Una mia intervista per “La Civiltà Cattolica”, sul piano di riarmo europeo proposto dalla Commissione UE: numeri, impatti, prospettive di una scelta che non porterà né pace né sicurezza

Il 12 marzo, il Parlamento europeo ha approvato la risoluzione sul Libro bianco della difesa contenente anche un primo riferimento al piano ReArm Europe proposto dalla Presidente della Commissione europea, Ursula von der Leyen. Nello specifico, il paragrafo 68, che fornisce un primo riscontro politico positivo al piano di riarmo – ancora non approvato né formalmente presentato – ha ricevuto 480 voti a favore, 130 contrari e 67 astenuti. Fa riflettere anche la proposta di emendamento avanzata da parte di Fratelli d’Italia di modificare il nome del piano in Defend Europe, bocciata con 517 voti contrari, 97 a favore e 56 astenuti.
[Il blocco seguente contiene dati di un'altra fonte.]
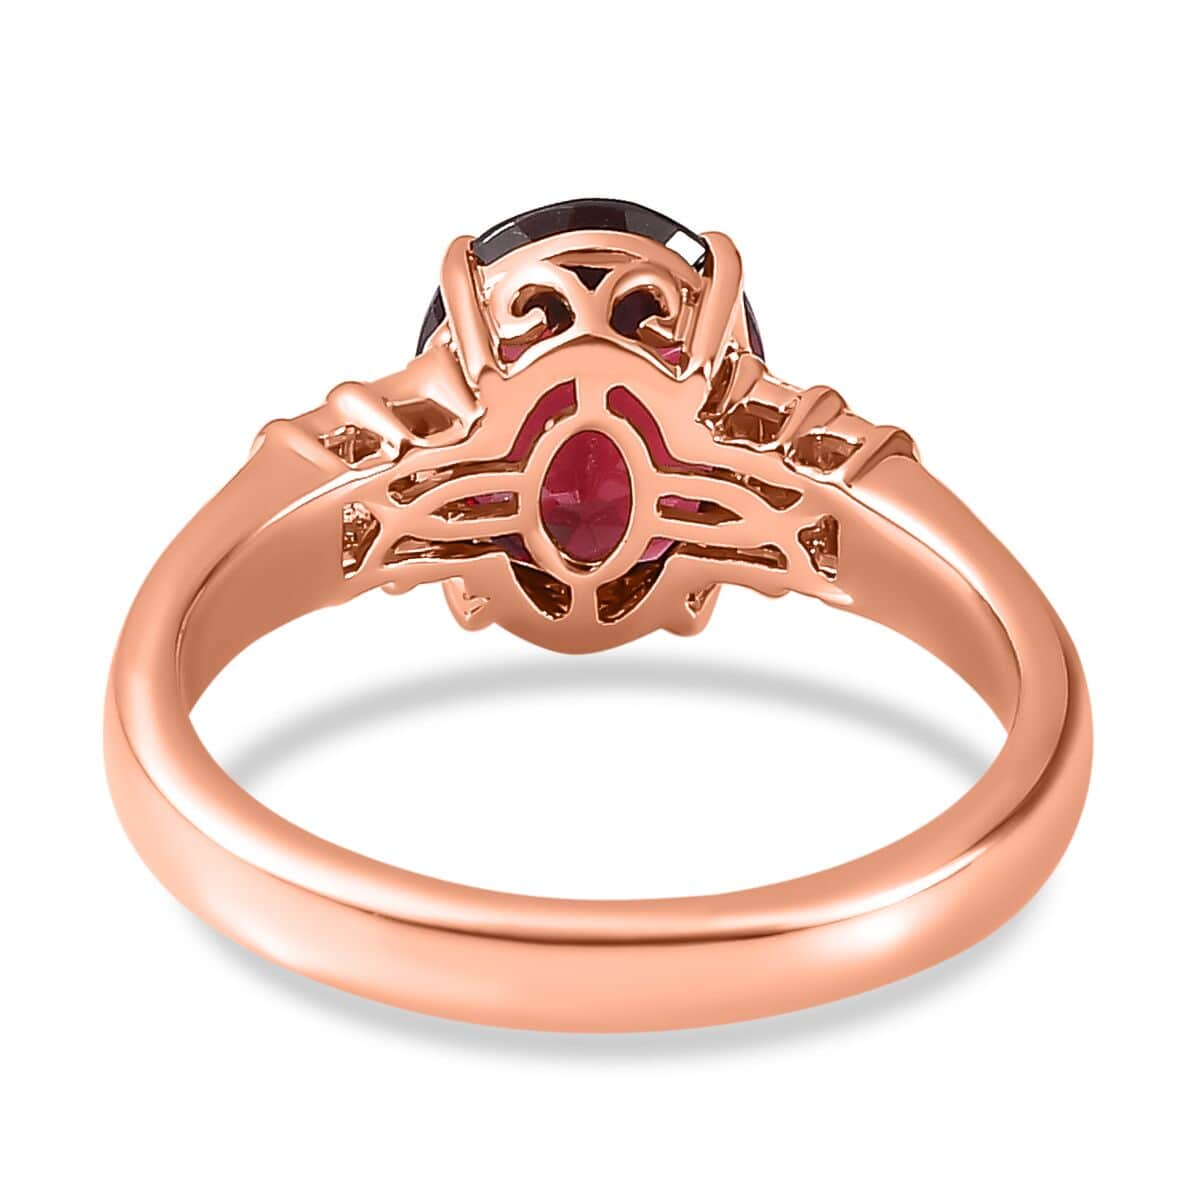 Luxoro 10K Rose Gold Premium Orissa Rhodolite Garnet and G-H I2 Diamond Statement Ring (Size 10.0) 3.10 ctw image number 4
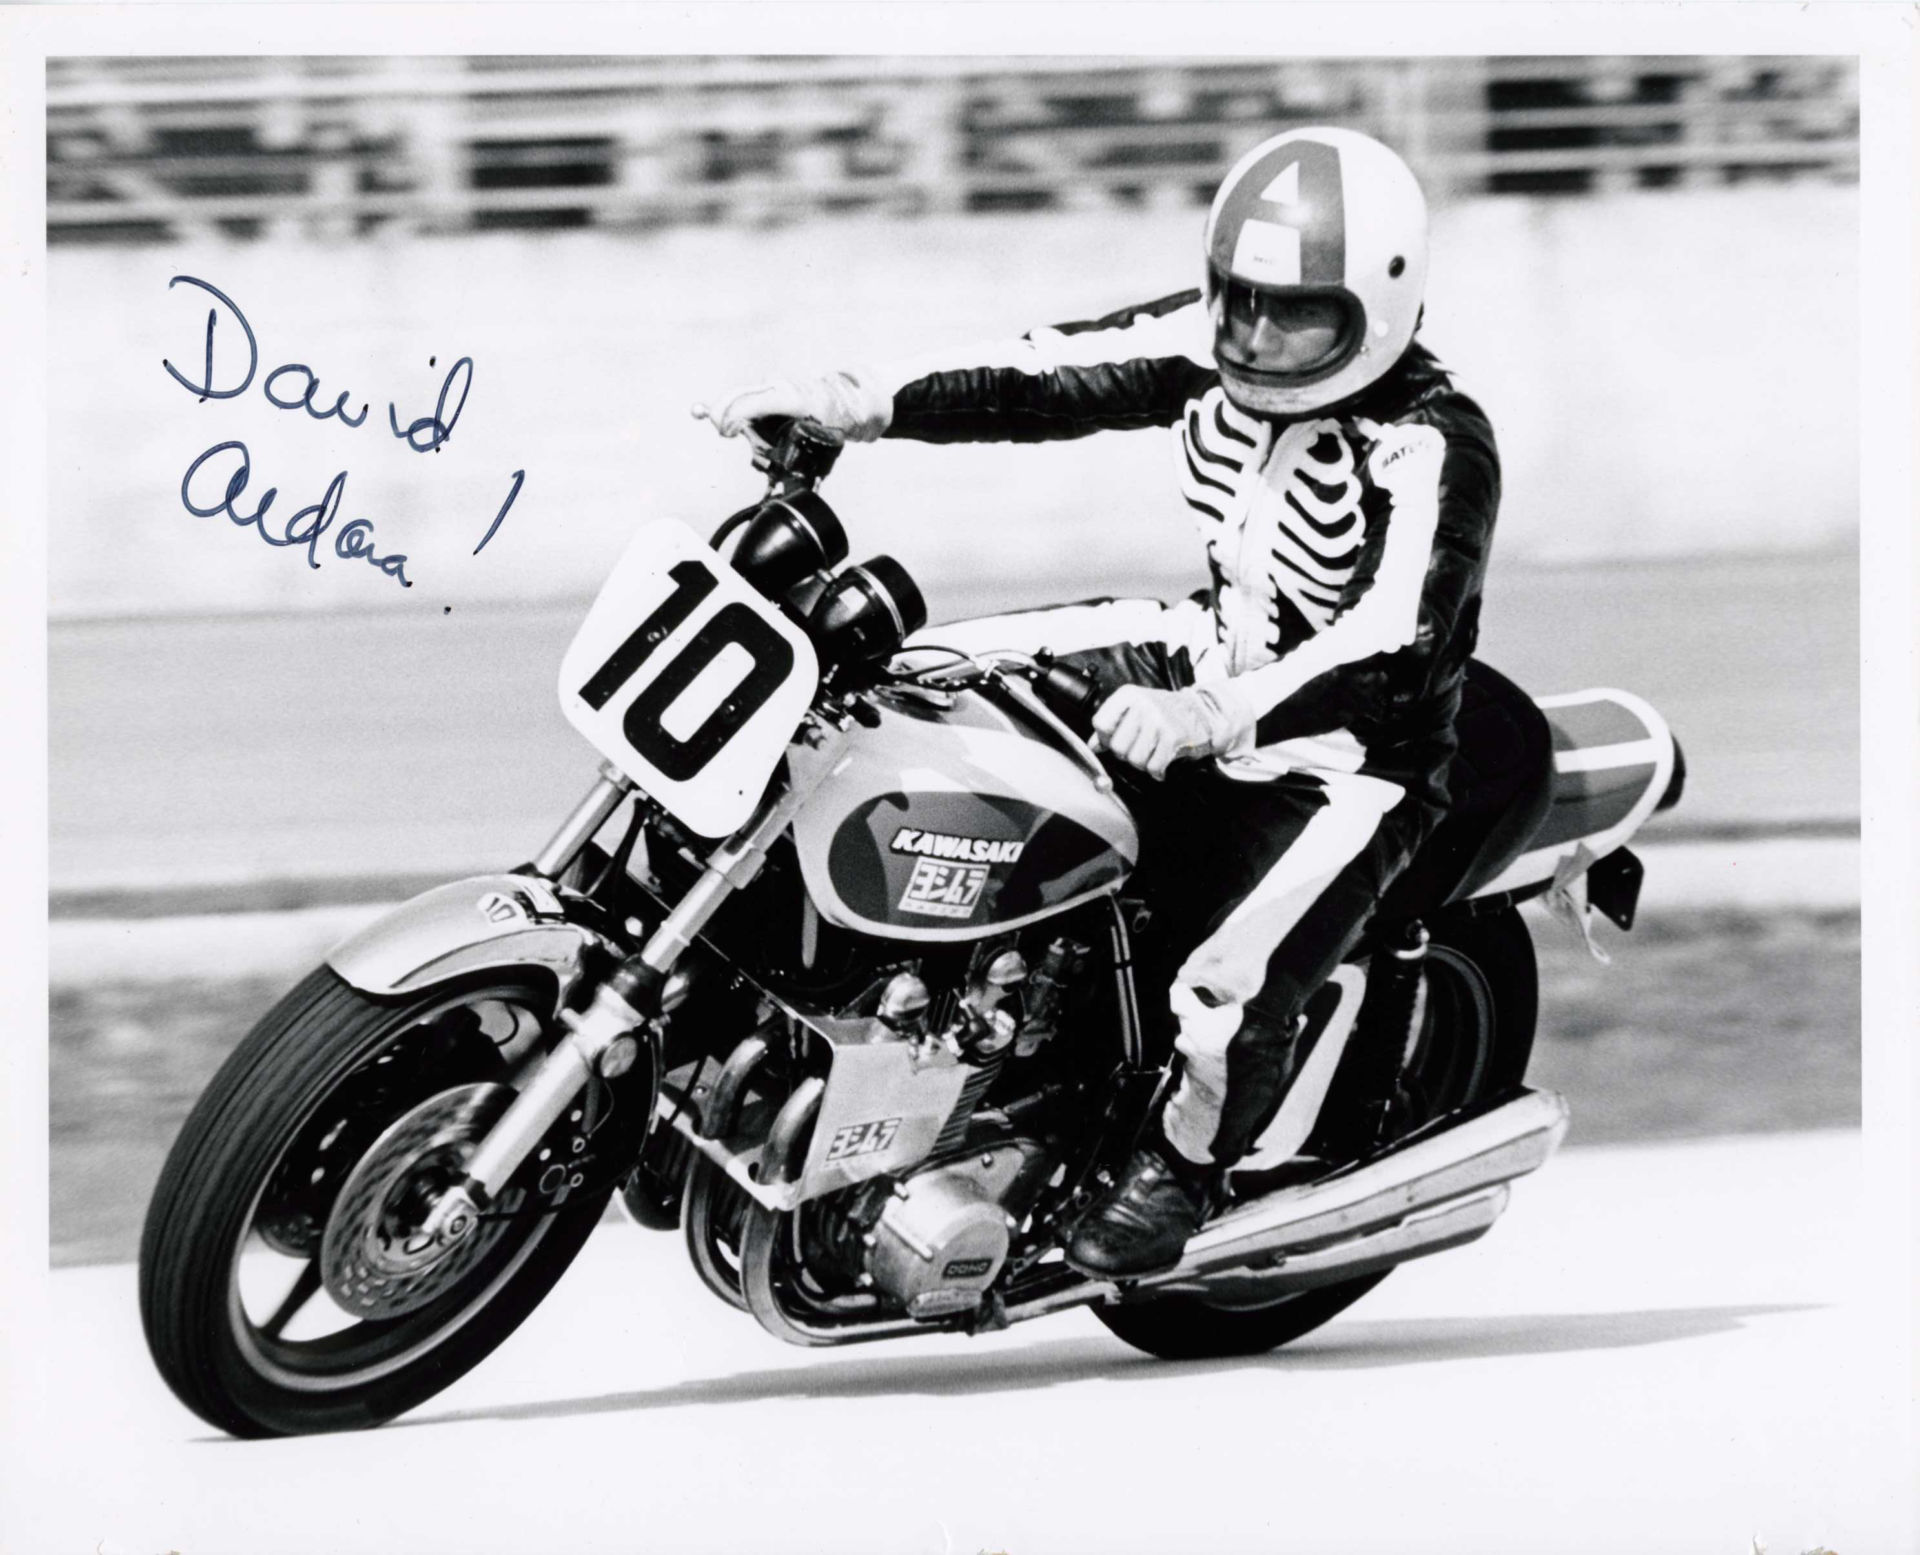 David Aldana (10) on a Kawasaki back in the day. Photo courtesy AMA.

Il messaggio è chiaro, dunque: in Europa ci prepariamo ad una stagione di riarmo. Cosa prevede questo piano su cui si fanno stime di spesa enormi (fino a 800 miliardi di euro) e perché l’utilizzo di questo termine, «riarmo», ci pone di fronte ad un cambio di prospettiva? Ne abbiamo parlato con Francesco Vignarca, coordinatore delle campagne della Rete Pace e Disarmo, organizzazione partner di Ican, la Campagna Internazionale per l’Abolizione delle Armi Nucleari che nel 2017 ha ricevuto il Nobel per la pace.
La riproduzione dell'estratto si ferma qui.